◆ INSTRUCTIONS FOR THE TASK
Restate the records underneath, keeping each one exactly the same.

◆ EXERCISE DATA
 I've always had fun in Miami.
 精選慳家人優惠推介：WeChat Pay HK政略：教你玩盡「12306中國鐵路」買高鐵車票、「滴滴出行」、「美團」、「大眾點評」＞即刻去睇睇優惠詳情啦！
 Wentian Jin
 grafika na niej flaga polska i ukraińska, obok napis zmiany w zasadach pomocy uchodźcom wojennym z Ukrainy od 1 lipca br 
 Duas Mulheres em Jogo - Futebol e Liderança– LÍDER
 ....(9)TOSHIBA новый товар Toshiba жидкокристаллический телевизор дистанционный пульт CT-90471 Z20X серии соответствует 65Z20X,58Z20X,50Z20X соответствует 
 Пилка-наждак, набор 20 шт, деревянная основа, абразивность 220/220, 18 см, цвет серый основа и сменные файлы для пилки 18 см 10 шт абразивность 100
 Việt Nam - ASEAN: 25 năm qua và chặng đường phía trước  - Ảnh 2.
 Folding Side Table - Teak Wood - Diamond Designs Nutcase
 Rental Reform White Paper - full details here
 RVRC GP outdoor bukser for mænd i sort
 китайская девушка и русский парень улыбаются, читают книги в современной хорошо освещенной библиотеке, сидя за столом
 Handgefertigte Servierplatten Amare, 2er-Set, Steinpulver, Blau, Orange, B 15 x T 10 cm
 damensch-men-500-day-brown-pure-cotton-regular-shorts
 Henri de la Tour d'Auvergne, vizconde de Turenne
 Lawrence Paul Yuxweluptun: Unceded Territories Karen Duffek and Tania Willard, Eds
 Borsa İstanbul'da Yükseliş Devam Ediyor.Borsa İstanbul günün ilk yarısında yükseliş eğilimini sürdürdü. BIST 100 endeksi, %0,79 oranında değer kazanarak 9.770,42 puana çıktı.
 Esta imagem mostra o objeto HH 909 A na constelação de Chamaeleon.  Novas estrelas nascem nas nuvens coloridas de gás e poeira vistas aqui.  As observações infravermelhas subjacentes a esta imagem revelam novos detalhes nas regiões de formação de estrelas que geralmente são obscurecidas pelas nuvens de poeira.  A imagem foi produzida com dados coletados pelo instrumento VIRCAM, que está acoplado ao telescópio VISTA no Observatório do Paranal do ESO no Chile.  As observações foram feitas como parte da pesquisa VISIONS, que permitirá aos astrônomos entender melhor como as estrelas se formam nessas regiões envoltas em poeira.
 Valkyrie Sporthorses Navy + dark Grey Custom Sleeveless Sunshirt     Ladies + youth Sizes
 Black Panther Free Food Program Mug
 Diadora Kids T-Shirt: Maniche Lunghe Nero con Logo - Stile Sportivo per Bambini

◆ EXPECTED ANSWER
 I've always had fun in Miami.
 精選慳家人優惠推介：WeChat Pay HK政略：教你玩盡「12306中國鐵路」買高鐵車票、「滴滴出行」、「美團」、「大眾點評」＞即刻去睇睇優惠詳情啦！
 Wentian Jin
 grafika na niej flaga polska i ukraińska, obok napis zmiany w zasadach pomocy uchodźcom wojennym z Ukrainy od 1 lipca br 
 Duas Mulheres em Jogo - Futebol e Liderança– LÍDER
 ....(9)TOSHIBA новый товар Toshiba жидкокристаллический телевизор дистанционный пульт CT-90471 Z20X серии соответствует 65Z20X,58Z20X,50Z20X соответствует 
 Пилка-наждак, набор 20 шт, деревянная основа, абразивность 220/220, 18 см, цвет серый основа и сменные файлы для пилки 18 см 10 шт абразивность 100
 Việt Nam - ASEAN: 25 năm qua và chặng đường phía trước  - Ảnh 2.
 Folding Side Table - Teak Wood - Diamond Designs Nutcase
 Rental Reform White Paper - full details here
 RVRC GP outdoor bukser for mænd i sort
 китайская девушка и русский парень улыбаются, читают книги в современной хорошо освещенной библиотеке, сидя за столом
 Handgefertigte Servierplatten Amare, 2er-Set, Steinpulver, Blau, Orange, B 15 x T 10 cm
 damensch-men-500-day-brown-pure-cotton-regular-shorts
 Henri de la Tour d'Auvergne, vizconde de Turenne
 Lawrence Paul Yuxweluptun: Unceded Territories Karen Duffek and Tania Willard, Eds
 Borsa İstanbul'da Yükseliş Devam Ediyor.Borsa İstanbul günün ilk yarısında yükseliş eğilimini sürdürdü. BIST 100 endeksi, %0,79 oranında değer kazanarak 9.770,42 puana çıktı.
 Esta imagem mostra o objeto HH 909 A na constelação de Chamaeleon.  Novas estrelas nascem nas nuvens coloridas de gás e poeira vistas aqui.  As observações infravermelhas subjacentes a esta imagem revelam novos detalhes nas regiões de formação de estrelas que geralmente são obscurecidas pelas nuvens de poeira.  A imagem foi produzida com dados coletados pelo instrumento VIRCAM, que está acoplado ao telescópio VISTA no Observatório do Paranal do ESO no Chile.  As observações foram feitas como parte da pesquisa VISIONS, que permitirá aos astrônomos entender melhor como as estrelas se formam nessas regiões envoltas em poeira.
 Valkyrie Sporthorses Navy + dark Grey Custom Sleeveless Sunshirt     Ladies + youth Sizes
 Black Panther Free Food Program Mug
 Diadora Kids T-Shirt: Maniche Lunghe Nero con Logo - Stile Sportivo per Bambini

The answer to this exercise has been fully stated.